▶ Work to complete
Write out exactly the lines below starting at the one containing "图7 各工况下的稳态平均满意度投票<br/>Fig.7 The" and ending at the one containing "Ponožky unisex vlněné". Omit every picture.

▶ Material provided
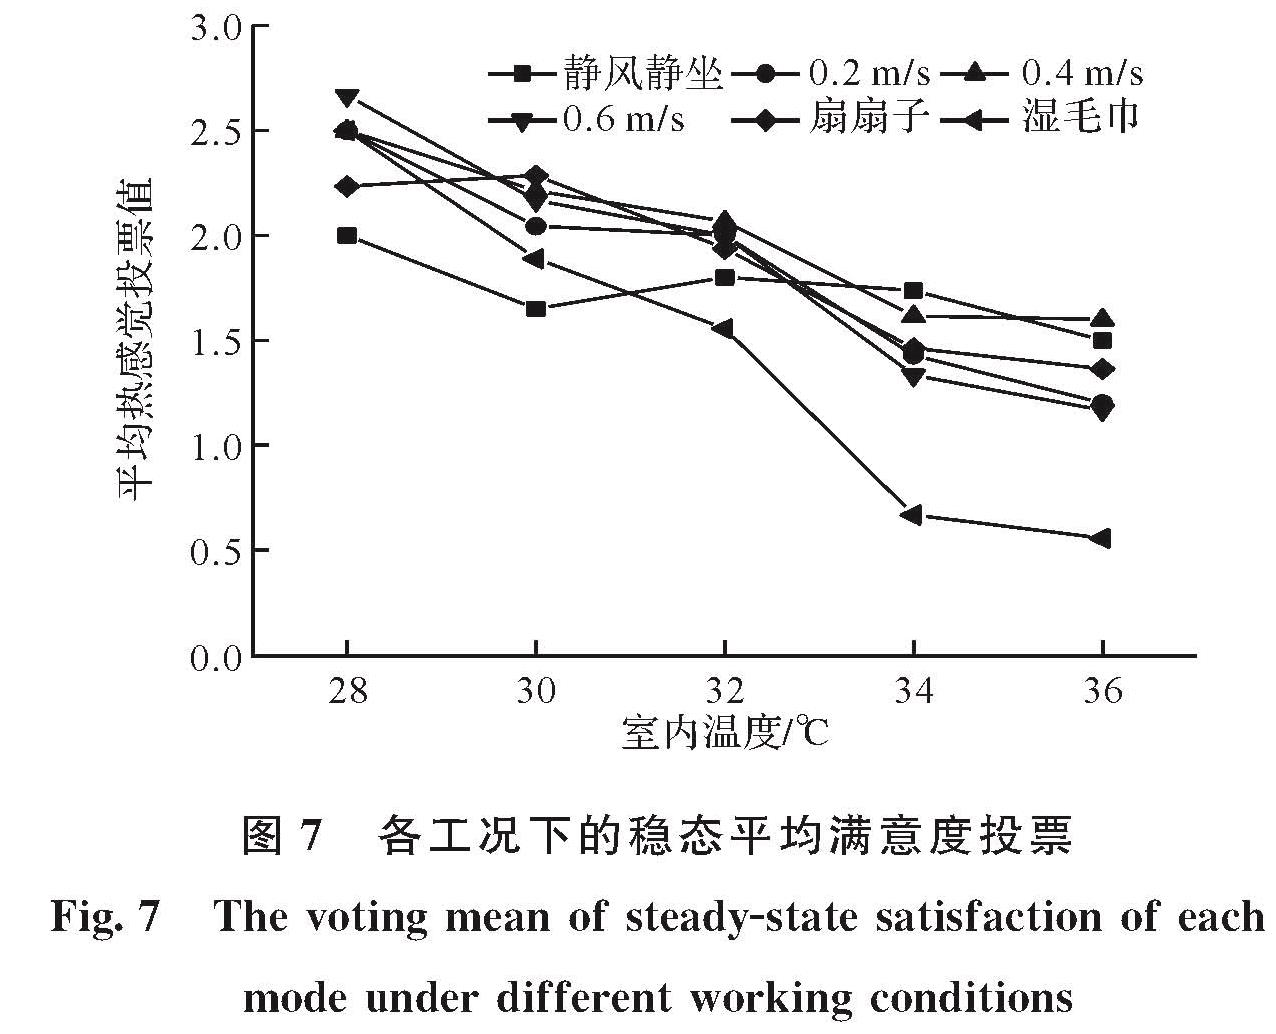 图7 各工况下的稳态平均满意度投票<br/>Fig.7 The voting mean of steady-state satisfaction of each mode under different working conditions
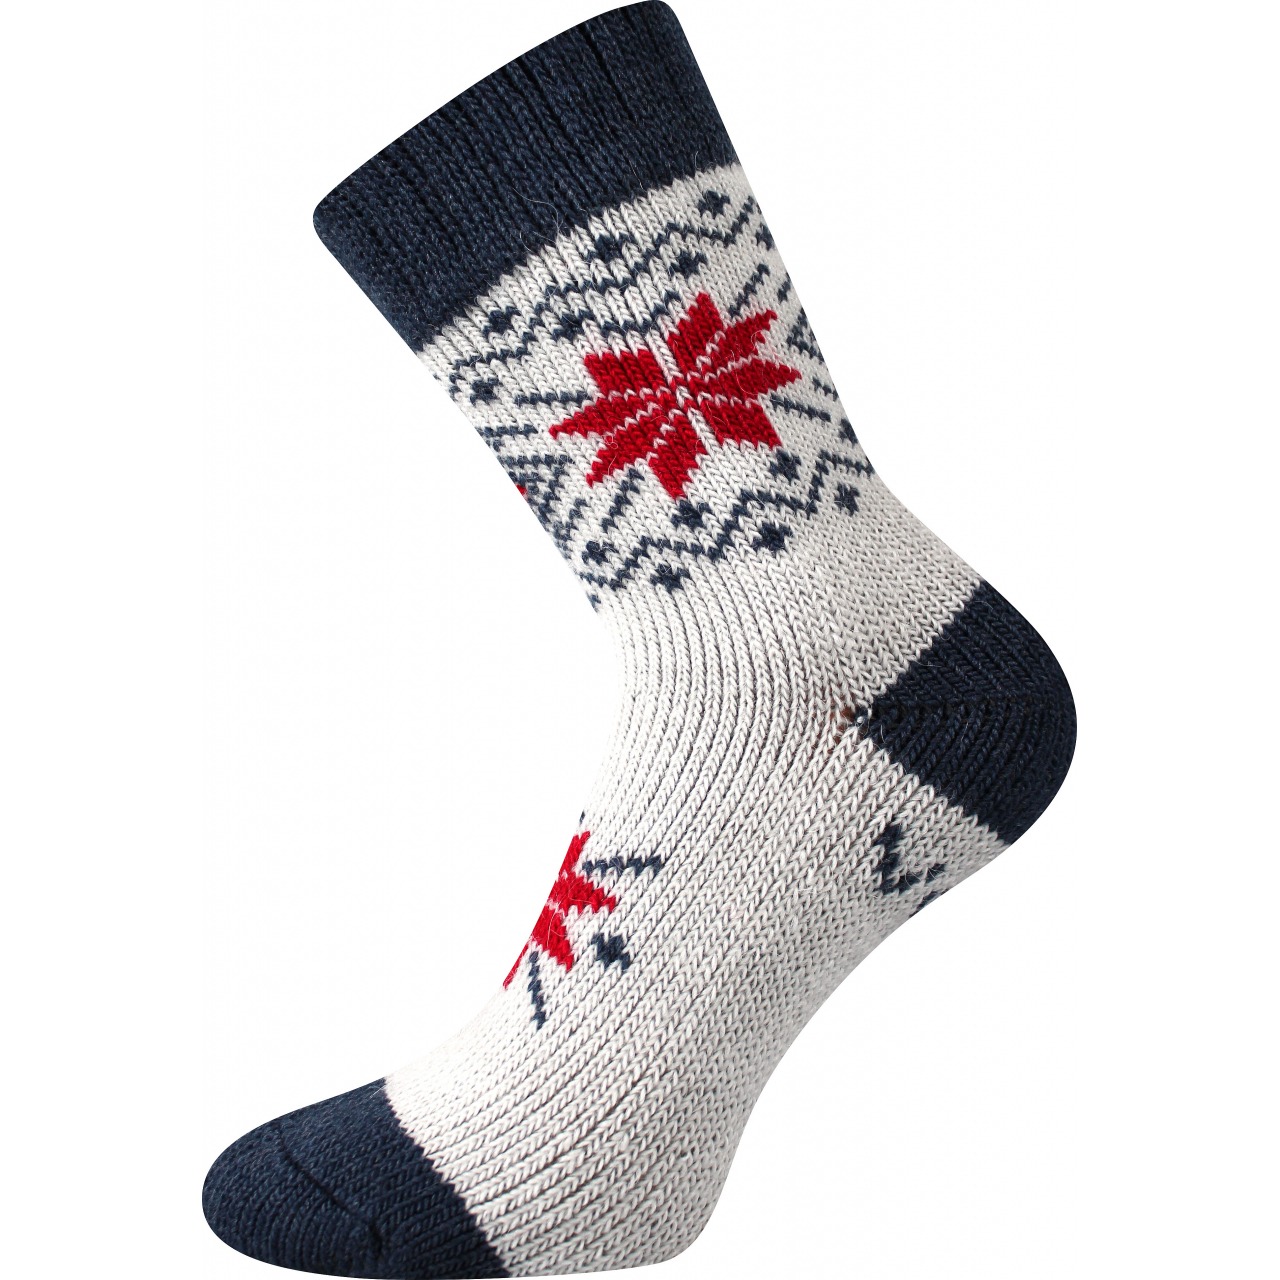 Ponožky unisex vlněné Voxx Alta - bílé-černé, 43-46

==

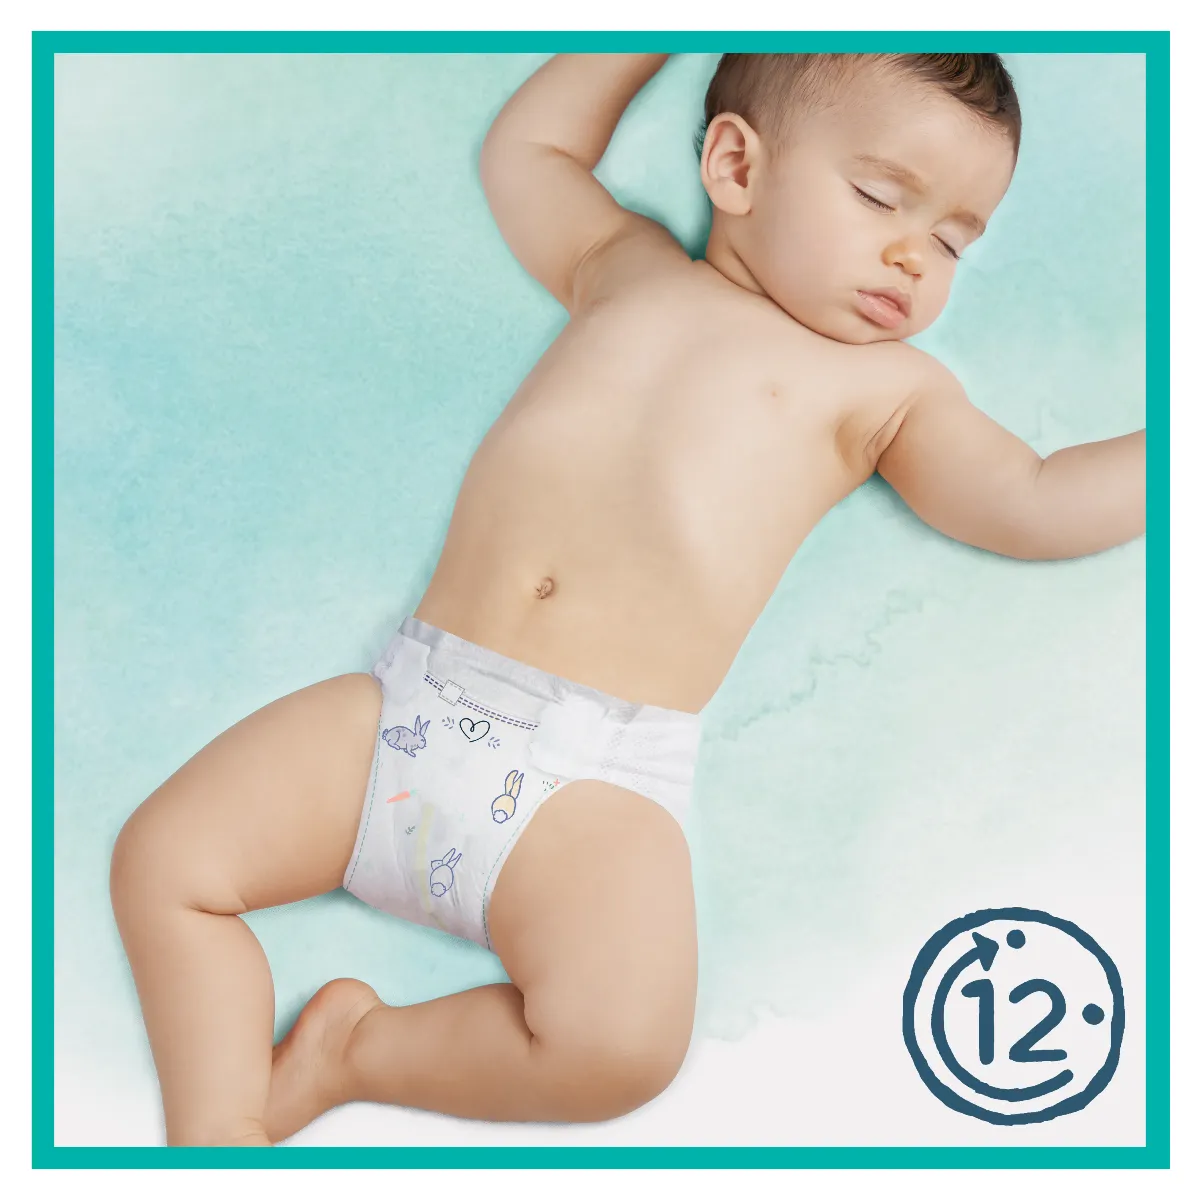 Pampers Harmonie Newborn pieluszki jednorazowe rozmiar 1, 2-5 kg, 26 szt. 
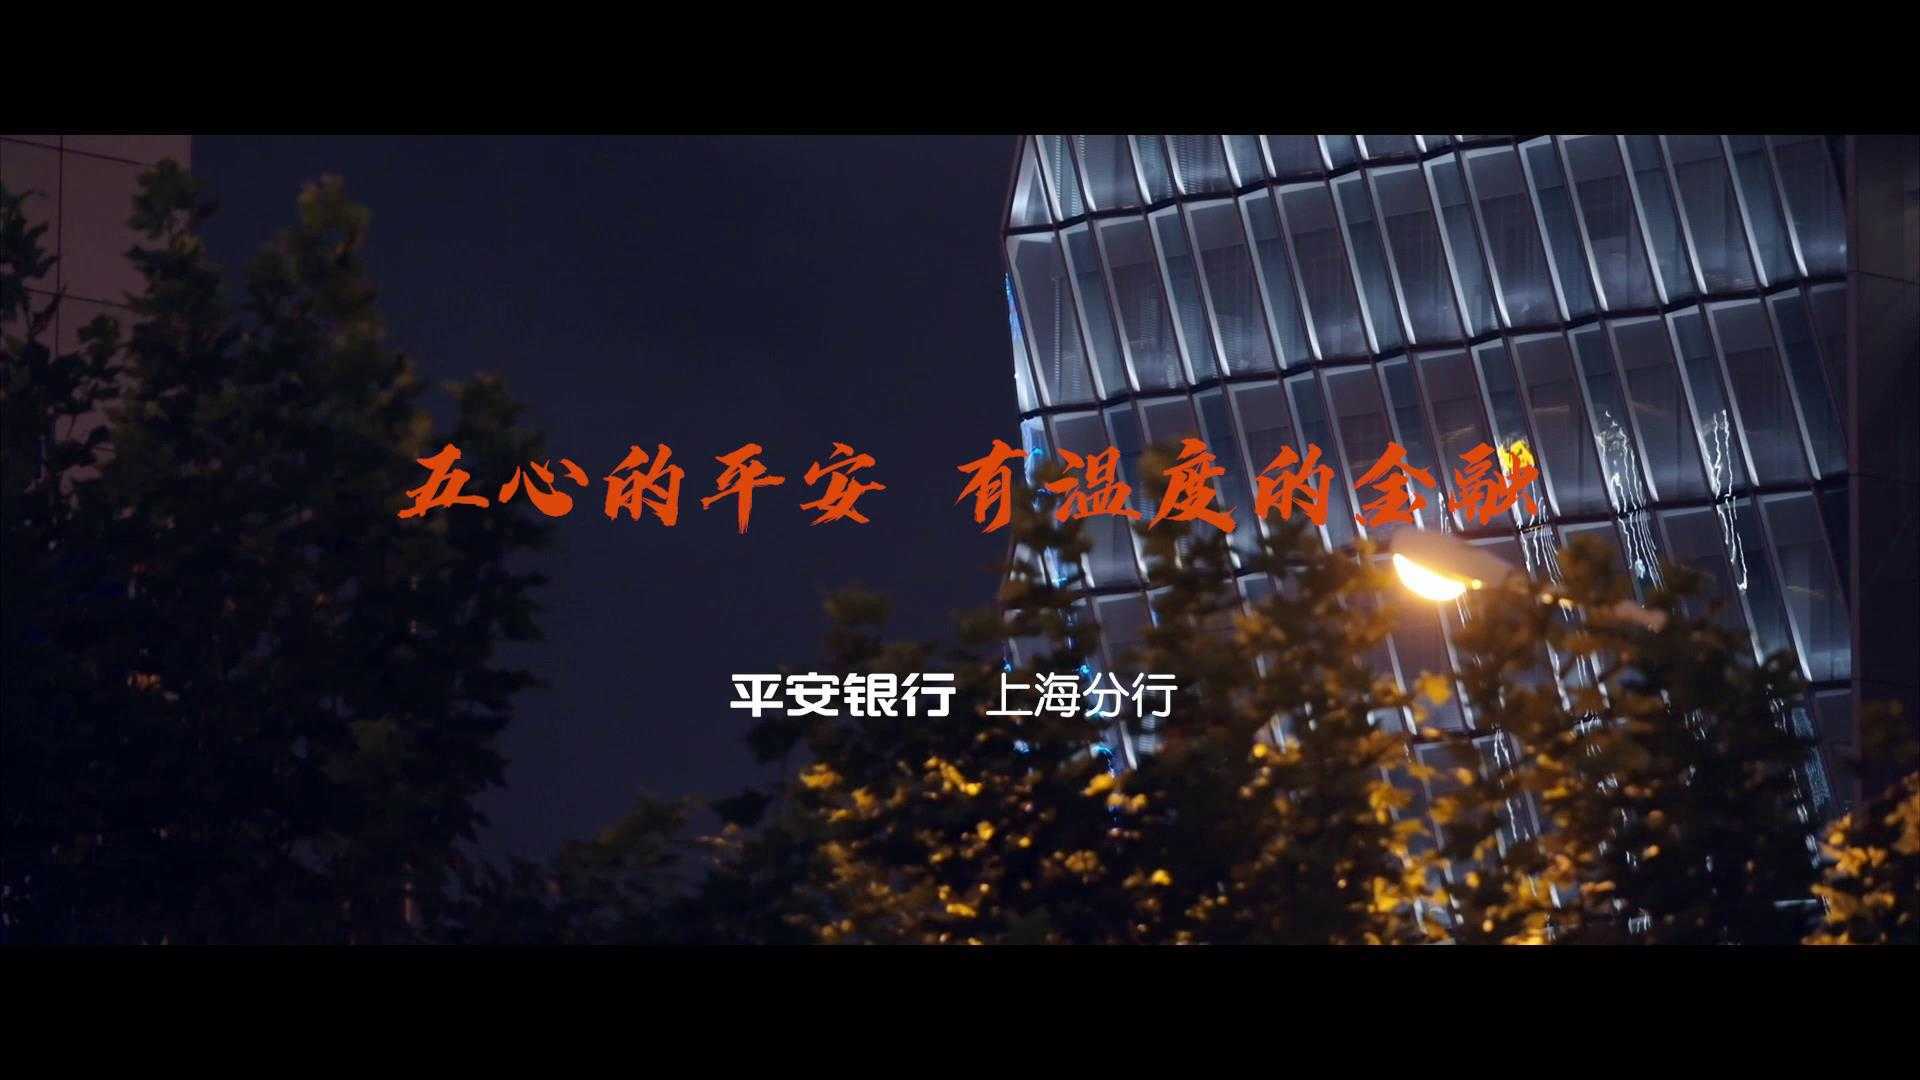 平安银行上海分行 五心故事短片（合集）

▶ Answer area
 图7 各工况下的稳态平均满意度投票<br/>Fig.7 The voting mean of steady-state satisfaction of each mode under different working conditions
 Ponožky unisex vlněné Voxx Alta - bílé-černé, 43-46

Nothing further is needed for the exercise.